Several questions arise when considering the changes in a new, complex, and still evolving classification system for a disease characterized by molecular heterogeneity and, more importantly, varied clinical outcome. The first is, How does a change in the threshold of blast percentage affect management? There is a continuum among patients with high-risk myelodysplasia and AML. Will a more inclusive blast percentage allow patients to enroll in AML trials if they had previously been diagnosed with myelodysplastic syndrome (MDS)? Will entry onto clinical trials or treatment with approved AML agents earlier in the course of clonal hematopoiesis improve outcome? Or will they merely subject some patients with more indolent clinical features to earlier complications of therapy? Will a new risk-stratification system accelerate the transition of patients to allogeneic cell therapy? Or will patients with AML in first remission (good-risk AML, according to American Society for Blood and Marrow Transplantation [ASBMT] criteria),⁷ but with adverse cytogenetic and molecular disease features that predict for relapse, be referred to centers that can absorb a high statistical risk of treatment failure even after allogeneic transplantation? Will assessment for inherited molecular features that may constitute risk also be applied to screen healthy donors? And how will assessment of allogeneic donors for inherited risk of germ line variants like DDX41 and CHEK2 be standardized?

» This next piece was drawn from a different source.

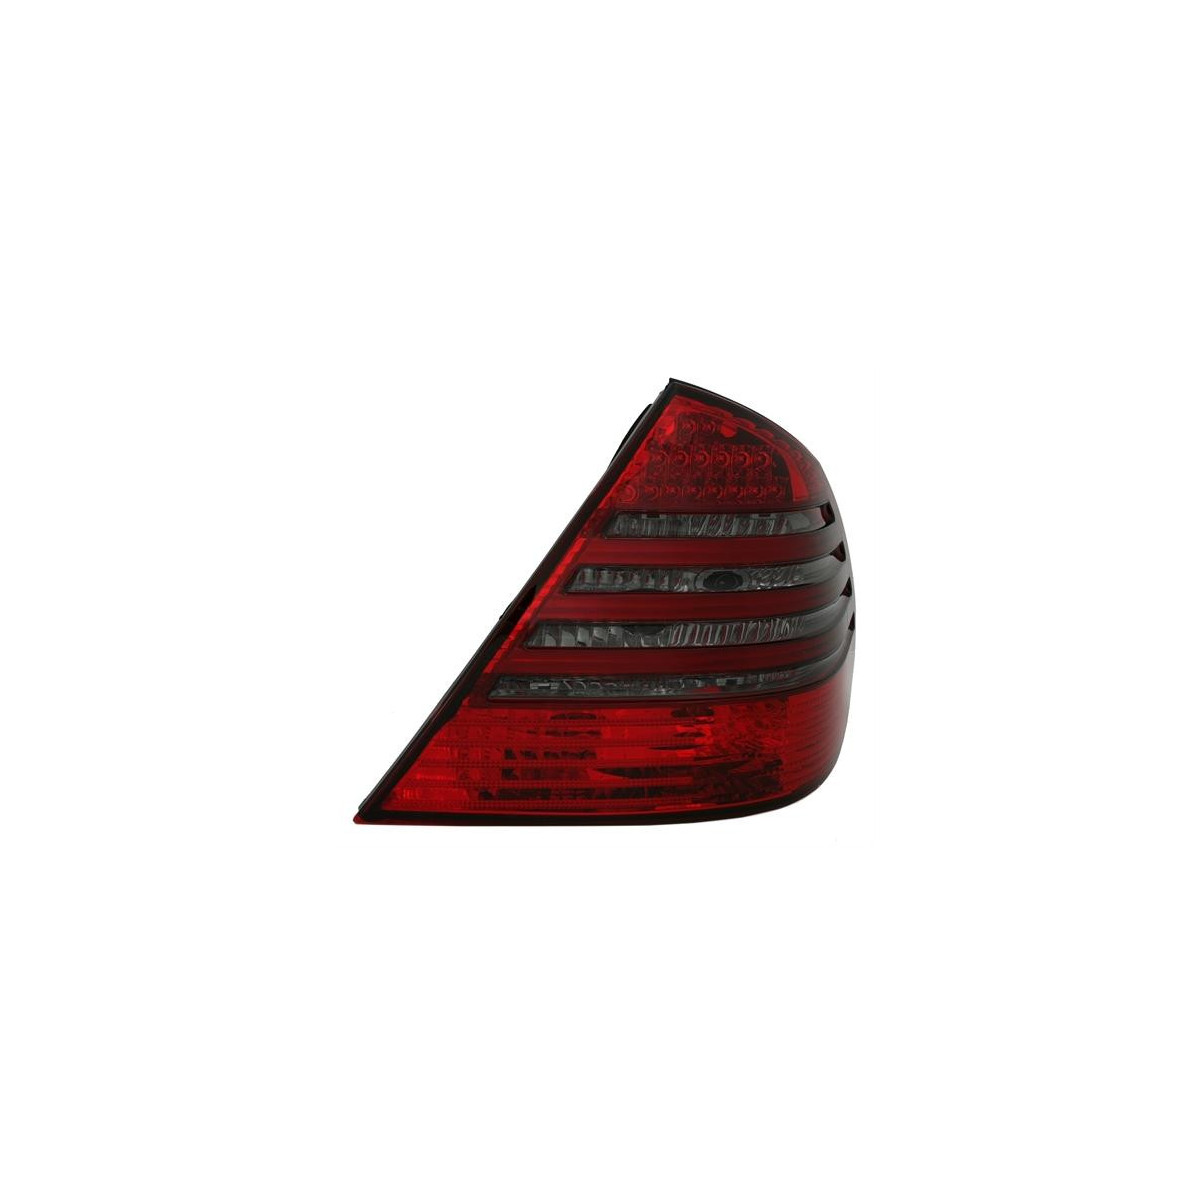 LAMPY TYLNE LED MERDEDES W211 02-06 LIMUZYNEA RED BLACK

Finally, the authors provide a detailed discussion on therapeutic options and clinical management. They also advocate for systematic monitoring of measurable leukemia by quantitative RT-PCR for all patients with AML, regardless of risk. Are tools available outside academic centers so that the clinicians’ preference for using PCR can be made operational for observing patients in remission? And what interventions are available, outside clinical investigation, for managing MRD?

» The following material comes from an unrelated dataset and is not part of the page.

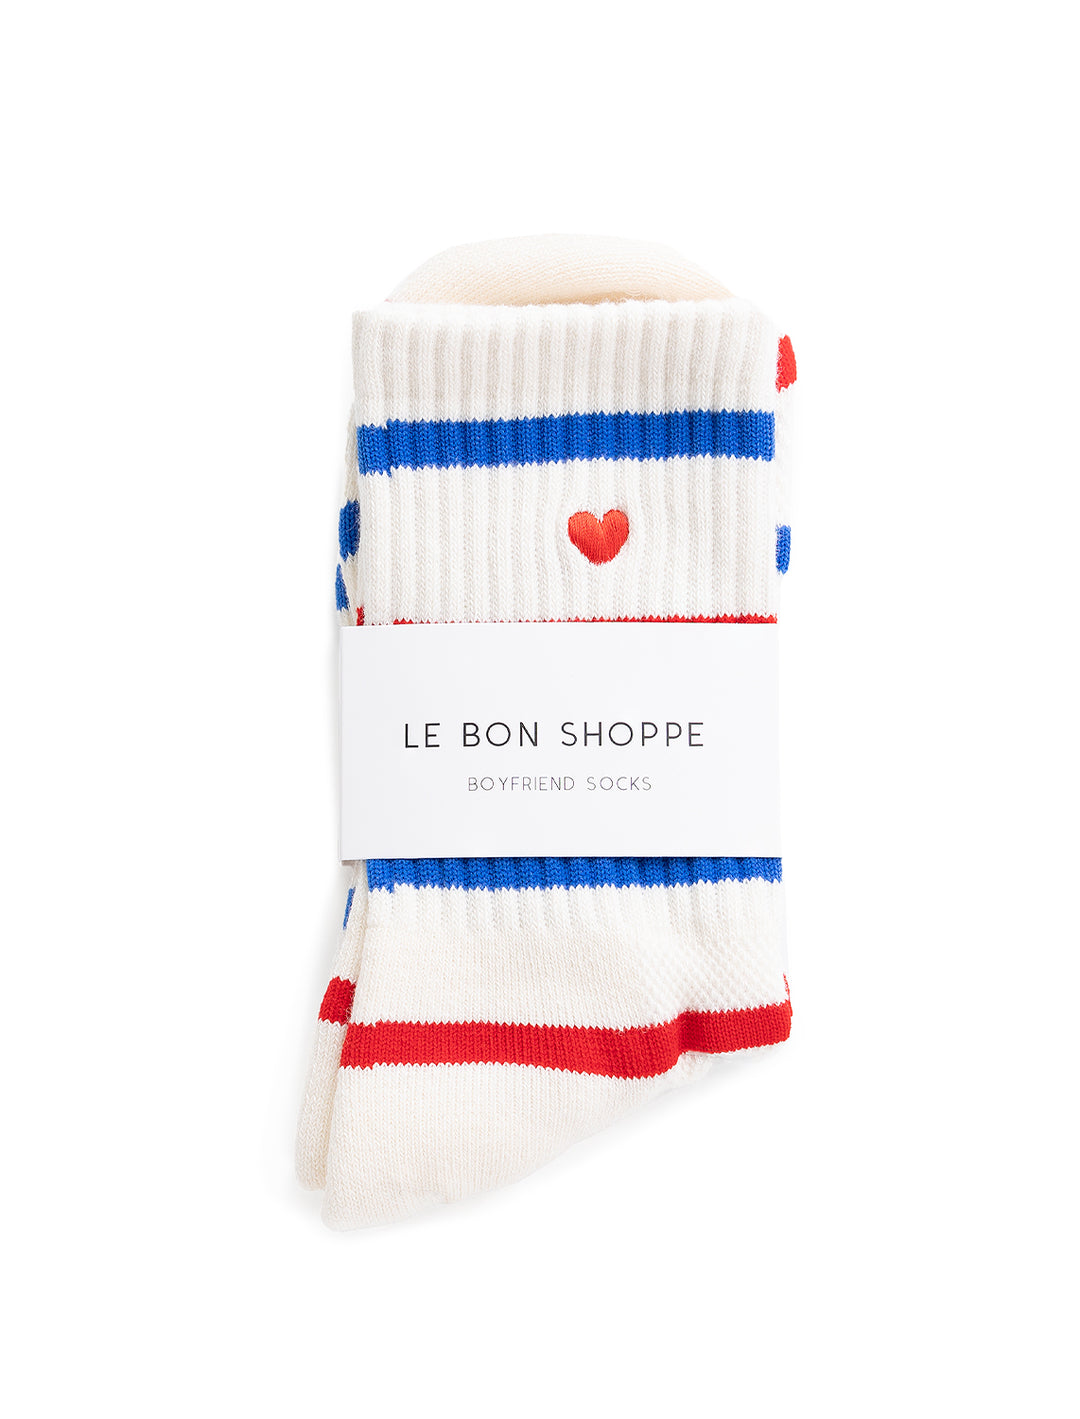 Overhead view of Le Bon Shoppe's embroidered heart striped boyfriend socks in leche

Unfortunately, at least half of all patients with AML are older than age 60 years, and many of these patients in developed countries are offered intensive induction therapy and allogeneic transplantation, which has led to long-term leukemia-free survival in younger patients. Among these otherwise vigorous older patients, adverse molecular and/or cytogenetic features of leukemia are common, and patients often present with a history of antecedent hematologic disorder (typically longstanding anemia, myelodysplasia, or myeloproliferative neoplasm), or previous cytotoxic chemotherapy or radiotherapy that confer poor prognosis. Despite selection at centers that are graded on outcomes, life-threatening toxicities of therapy still occur among those who had no previous comorbid conditions. Even without nonrelapse morbidity and mortality, sustained survival is less likely among those whose leukemia is characterized by high molecular risk. The question for leukemia doctors and clinical researchers is not whether these patients should be excluded from treatment, but whether identifying those at high risk of relapse can lead to unique investigational approaches that ameliorate risk.

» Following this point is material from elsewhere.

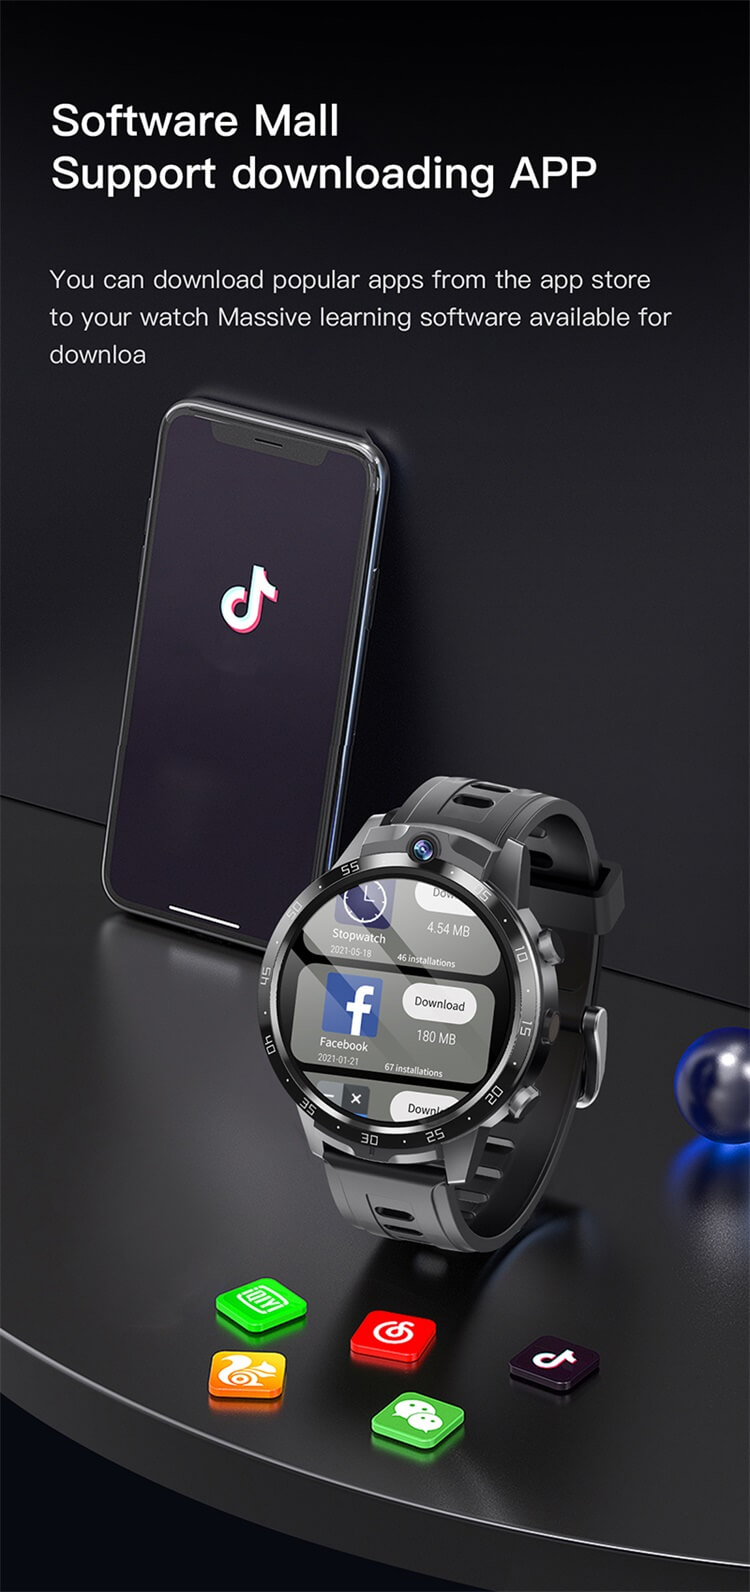 X600S 4G Sim Card Smartwatch 1.6 Inch AMOLED Screen NFC Access Control HD Pixel Dual Camera-Shenzhen Shengye Technology Co.,Ltd

A classification system that relies on distinct genomic profiling of neoplasia, including periodic assessment for MRD, attempts to impose order on an inherently disordered clonal neoplasm and suggests that targeting dominant molecular events might prove to be an effective management strategy. Although this concept is certainly valid for management of acute promyelocytic leukemia, it is less certain at present that targeting common mutations such as FLT3 or IDH1/2 can have a significant impact on outcome (see table). How challenging for those of us treating AML and, more importantly for our patients, that nearly 40 years after identifying cytogenetic risk factors for recurrence after conventional therapy, we continue to classify disease based on outcomes after cytotoxic therapy and allogeneic transplantation. We continue to direct diagnosis and therapy at narrow slices of disease, defining a bewildering number of mutations, co-mutations, and other biologic features, uncertain as to whether we have made any major long-term impact on AML as a whole.